- DATASET -
━━━━━━━━

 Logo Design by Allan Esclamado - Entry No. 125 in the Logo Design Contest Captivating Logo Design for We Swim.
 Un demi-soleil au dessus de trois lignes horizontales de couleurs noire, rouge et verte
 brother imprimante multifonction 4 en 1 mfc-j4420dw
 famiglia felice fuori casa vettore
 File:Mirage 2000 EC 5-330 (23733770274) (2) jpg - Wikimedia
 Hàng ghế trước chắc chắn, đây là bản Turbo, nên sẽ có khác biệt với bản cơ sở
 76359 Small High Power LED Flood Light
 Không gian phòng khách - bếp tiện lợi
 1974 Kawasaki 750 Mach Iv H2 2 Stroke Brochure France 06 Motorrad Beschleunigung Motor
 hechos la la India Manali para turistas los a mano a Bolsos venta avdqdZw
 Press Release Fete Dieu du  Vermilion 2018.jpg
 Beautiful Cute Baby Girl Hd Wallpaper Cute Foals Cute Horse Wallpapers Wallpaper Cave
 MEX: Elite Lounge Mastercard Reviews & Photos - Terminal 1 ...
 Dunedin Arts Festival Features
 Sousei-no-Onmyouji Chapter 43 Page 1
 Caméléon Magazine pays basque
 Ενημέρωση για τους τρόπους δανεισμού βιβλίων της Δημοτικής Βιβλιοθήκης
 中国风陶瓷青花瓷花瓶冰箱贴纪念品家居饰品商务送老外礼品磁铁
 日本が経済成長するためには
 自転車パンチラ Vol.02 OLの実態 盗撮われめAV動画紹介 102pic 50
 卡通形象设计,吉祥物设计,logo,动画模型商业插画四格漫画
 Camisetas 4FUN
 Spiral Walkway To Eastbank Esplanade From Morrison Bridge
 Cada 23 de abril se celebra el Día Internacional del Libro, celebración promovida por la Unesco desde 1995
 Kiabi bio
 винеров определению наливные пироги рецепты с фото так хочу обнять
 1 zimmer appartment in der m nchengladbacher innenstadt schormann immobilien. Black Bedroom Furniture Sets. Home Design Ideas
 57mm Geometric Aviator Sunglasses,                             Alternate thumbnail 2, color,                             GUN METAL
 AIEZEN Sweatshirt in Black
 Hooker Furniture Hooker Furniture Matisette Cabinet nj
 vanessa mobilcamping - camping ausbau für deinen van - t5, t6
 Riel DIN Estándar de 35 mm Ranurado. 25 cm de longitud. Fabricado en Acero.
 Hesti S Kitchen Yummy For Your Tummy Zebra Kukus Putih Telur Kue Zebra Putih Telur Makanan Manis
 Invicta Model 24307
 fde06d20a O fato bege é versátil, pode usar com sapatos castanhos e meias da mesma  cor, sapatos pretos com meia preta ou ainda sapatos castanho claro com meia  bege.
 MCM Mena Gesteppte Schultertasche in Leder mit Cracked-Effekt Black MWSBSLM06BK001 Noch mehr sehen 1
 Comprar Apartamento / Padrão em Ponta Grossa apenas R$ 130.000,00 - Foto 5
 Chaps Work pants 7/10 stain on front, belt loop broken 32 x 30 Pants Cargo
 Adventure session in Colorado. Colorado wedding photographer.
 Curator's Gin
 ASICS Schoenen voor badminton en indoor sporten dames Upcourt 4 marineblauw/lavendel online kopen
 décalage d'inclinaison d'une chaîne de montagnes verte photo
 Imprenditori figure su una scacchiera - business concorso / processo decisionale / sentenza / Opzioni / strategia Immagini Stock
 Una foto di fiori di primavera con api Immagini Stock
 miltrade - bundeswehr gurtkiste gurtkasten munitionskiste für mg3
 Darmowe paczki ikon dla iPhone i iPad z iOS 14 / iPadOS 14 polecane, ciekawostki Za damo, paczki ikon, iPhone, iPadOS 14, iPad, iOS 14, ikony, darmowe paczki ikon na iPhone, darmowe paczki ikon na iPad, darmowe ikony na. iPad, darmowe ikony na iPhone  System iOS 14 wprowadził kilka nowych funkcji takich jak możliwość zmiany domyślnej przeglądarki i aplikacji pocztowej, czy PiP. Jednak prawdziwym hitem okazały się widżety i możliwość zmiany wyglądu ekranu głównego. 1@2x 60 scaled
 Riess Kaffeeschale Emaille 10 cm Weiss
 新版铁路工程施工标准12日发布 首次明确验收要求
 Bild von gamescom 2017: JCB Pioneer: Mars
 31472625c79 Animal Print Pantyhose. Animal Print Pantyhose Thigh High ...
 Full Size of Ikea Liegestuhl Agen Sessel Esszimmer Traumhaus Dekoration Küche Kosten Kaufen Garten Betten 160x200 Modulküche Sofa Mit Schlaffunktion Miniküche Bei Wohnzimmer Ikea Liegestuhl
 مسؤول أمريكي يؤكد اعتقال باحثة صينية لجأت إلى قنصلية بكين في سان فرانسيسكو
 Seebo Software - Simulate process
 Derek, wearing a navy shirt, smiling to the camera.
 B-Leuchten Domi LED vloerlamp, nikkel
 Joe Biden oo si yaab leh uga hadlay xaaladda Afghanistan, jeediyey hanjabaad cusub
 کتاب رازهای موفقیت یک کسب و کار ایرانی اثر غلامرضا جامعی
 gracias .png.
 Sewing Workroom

━━━━━━━━

- THE PROBLEM -
All lines of the data above must be returned exactly.

- RESULT OF THIS TASK -
 Logo Design by Allan Esclamado - Entry No. 125 in the Logo Design Contest Captivating Logo Design for We Swim.
 Un demi-soleil au dessus de trois lignes horizontales de couleurs noire, rouge et verte
 brother imprimante multifonction 4 en 1 mfc-j4420dw
 famiglia felice fuori casa vettore
 File:Mirage 2000 EC 5-330 (23733770274) (2) jpg - Wikimedia
 Hàng ghế trước chắc chắn, đây là bản Turbo, nên sẽ có khác biệt với bản cơ sở
 76359 Small High Power LED Flood Light
 Không gian phòng khách - bếp tiện lợi
 1974 Kawasaki 750 Mach Iv H2 2 Stroke Brochure France 06 Motorrad Beschleunigung Motor
 hechos la la India Manali para turistas los a mano a Bolsos venta avdqdZw
 Press Release Fete Dieu du  Vermilion 2018.jpg
 Beautiful Cute Baby Girl Hd Wallpaper Cute Foals Cute Horse Wallpapers Wallpaper Cave
 MEX: Elite Lounge Mastercard Reviews & Photos - Terminal 1 ...
 Dunedin Arts Festival Features
 Sousei-no-Onmyouji Chapter 43 Page 1
 Caméléon Magazine pays basque
 Ενημέρωση για τους τρόπους δανεισμού βιβλίων της Δημοτικής Βιβλιοθήκης
 中国风陶瓷青花瓷花瓶冰箱贴纪念品家居饰品商务送老外礼品磁铁
 日本が経済成長するためには
 自転車パンチラ Vol.02 OLの実態 盗撮われめAV動画紹介 102pic 50
 卡通形象设计,吉祥物设计,logo,动画模型商业插画四格漫画
 Camisetas 4FUN
 Spiral Walkway To Eastbank Esplanade From Morrison Bridge
 Cada 23 de abril se celebra el Día Internacional del Libro, celebración promovida por la Unesco desde 1995
 Kiabi bio
 винеров определению наливные пироги рецепты с фото так хочу обнять
 1 zimmer appartment in der m nchengladbacher innenstadt schormann immobilien. Black Bedroom Furniture Sets. Home Design Ideas
 57mm Geometric Aviator Sunglasses,                             Alternate thumbnail 2, color,                             GUN METAL
 AIEZEN Sweatshirt in Black
 Hooker Furniture Hooker Furniture Matisette Cabinet nj
 vanessa mobilcamping - camping ausbau für deinen van - t5, t6
 Riel DIN Estándar de 35 mm Ranurado. 25 cm de longitud. Fabricado en Acero.
 Hesti S Kitchen Yummy For Your Tummy Zebra Kukus Putih Telur Kue Zebra Putih Telur Makanan Manis
 Invicta Model 24307
 fde06d20a O fato bege é versátil, pode usar com sapatos castanhos e meias da mesma  cor, sapatos pretos com meia preta ou ainda sapatos castanho claro com meia  bege.
 MCM Mena Gesteppte Schultertasche in Leder mit Cracked-Effekt Black MWSBSLM06BK001 Noch mehr sehen 1
 Comprar Apartamento / Padrão em Ponta Grossa apenas R$ 130.000,00 - Foto 5
 Chaps Work pants 7/10 stain on front, belt loop broken 32 x 30 Pants Cargo
 Adventure session in Colorado. Colorado wedding photographer.
 Curator's Gin
 ASICS Schoenen voor badminton en indoor sporten dames Upcourt 4 marineblauw/lavendel online kopen
 décalage d'inclinaison d'une chaîne de montagnes verte photo
 Imprenditori figure su una scacchiera - business concorso / processo decisionale / sentenza / Opzioni / strategia Immagini Stock
 Una foto di fiori di primavera con api Immagini Stock
 miltrade - bundeswehr gurtkiste gurtkasten munitionskiste für mg3
 Darmowe paczki ikon dla iPhone i iPad z iOS 14 / iPadOS 14 polecane, ciekawostki Za damo, paczki ikon, iPhone, iPadOS 14, iPad, iOS 14, ikony, darmowe paczki ikon na iPhone, darmowe paczki ikon na iPad, darmowe ikony na. iPad, darmowe ikony na iPhone  System iOS 14 wprowadził kilka nowych funkcji takich jak możliwość zmiany domyślnej przeglądarki i aplikacji pocztowej, czy PiP. Jednak prawdziwym hitem okazały się widżety i możliwość zmiany wyglądu ekranu głównego. 1@2x 60 scaled
 Riess Kaffeeschale Emaille 10 cm Weiss
 新版铁路工程施工标准12日发布 首次明确验收要求
 Bild von gamescom 2017: JCB Pioneer: Mars
 31472625c79 Animal Print Pantyhose. Animal Print Pantyhose Thigh High ...
 Full Size of Ikea Liegestuhl Agen Sessel Esszimmer Traumhaus Dekoration Küche Kosten Kaufen Garten Betten 160x200 Modulküche Sofa Mit Schlaffunktion Miniküche Bei Wohnzimmer Ikea Liegestuhl
 مسؤول أمريكي يؤكد اعتقال باحثة صينية لجأت إلى قنصلية بكين في سان فرانسيسكو
 Seebo Software - Simulate process
 Derek, wearing a navy shirt, smiling to the camera.
 B-Leuchten Domi LED vloerlamp, nikkel
 Joe Biden oo si yaab leh uga hadlay xaaladda Afghanistan, jeediyey hanjabaad cusub
 کتاب رازهای موفقیت یک کسب و کار ایرانی اثر غلامرضا جامعی
 gracias .png.
 Sewing Workroom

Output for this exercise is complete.